Hey guys! So my husband just built me a wooden screen press. The video that we watched called for palette tape on the palette. I looked on Amazon, there's an 18inx100 yard roll for $60. I don't need nearly that much. 

Is there something I can use instead?


----------



## splathead (Dec 4, 2005)

You don't have to use anything. You can go bare. Only takes a second to clean your pallet after a job. Less time than it takes to put down the tape.


----------



## Christenamartens (Sep 20, 2021)

splathead said:


> You don't have to use anything. You can go bare. Only takes a second to clean your pallet after a job. Less time than it takes to put down the tape.

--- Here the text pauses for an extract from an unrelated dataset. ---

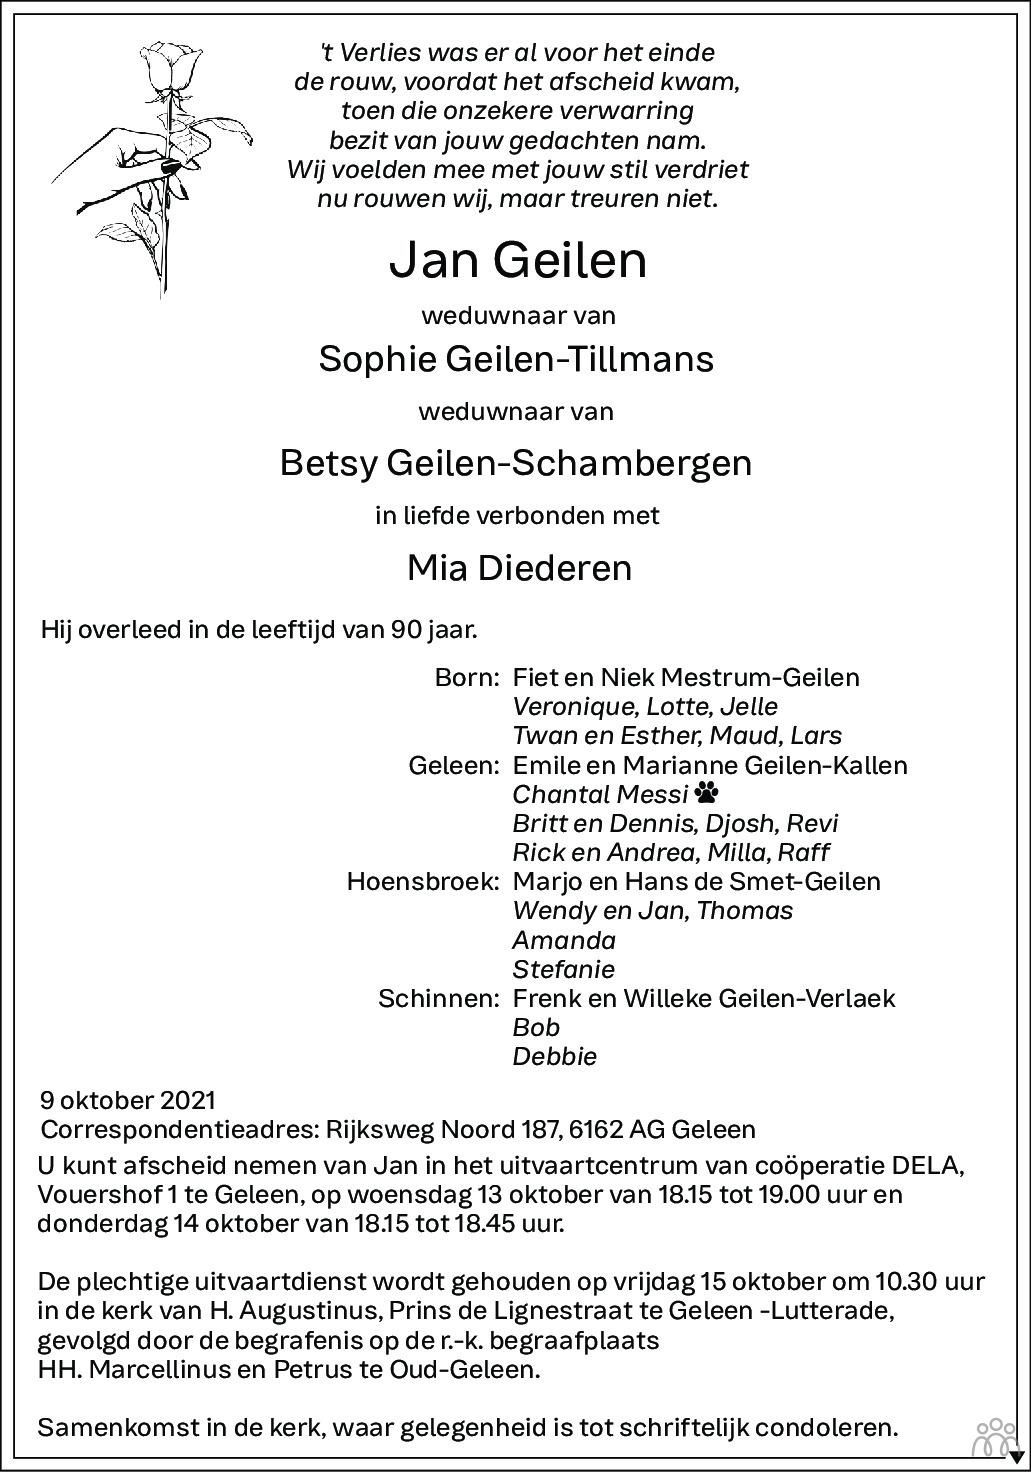 Overlijdensbericht van Jan Geilen in De Limburger

I wonder if they recommended that because the palette is mdf. Would that make any difference? Is the palette tape just to keep the shirts from catching?


----------



## sbremner (Oct 24, 2007)

For busy shops, pallet mask lets you clean up fast, and lay down new mask. For instance, in our shop, we use in on our automatic press, but now on our manual as much. However, your surface looks porous, being particle board, and needs some kind of finish to keep ink and adhesives from sinking in. My first DIY press, about 40 years ago, was plywood, sanded smooth and polyurethaned.


----------



## abetterimage (Sep 8, 2007)

You need something on the pallet to keep the shirt from moving during the print process. Though still needed on one color applications (which is all you can do with your press), it is critical on multi color applications to keep the shirt in place when lifting the screen.
Platen tape is one solution, and you would benefit from it because as sbremner said your platen is porous. Often hand made platens are made from melamine board to give the smooth sealed surface, but you could coat your MDF with something to seal it. Probably not critical what to use since you won't be flash curing a one color design so heat isn't an issue.
You basically have 3 options: 1) Double coated pallet tape - top and bottom adhesive already applied. 2) Single coated pallet tape - you put adhesive on the top after applying it to the pallet. 3) Spray adhesive - applied to a sealed pallet or taped pallet. 4) Pallet glue - also applied to a sealed pallet or taped pallet. This can be sprayed on with a spray gun or spray bottle, or spread with a plastic or cardboard spreader. You can purchase this in quarts or gallons.

Since you want to do stuff on the cheap, paint (KILZ?) or seal your platen and buy a quart of liquid pallet adhesive or a can of adhesive spray (if you don't mind coating everything around your press) and you'll be good.


----------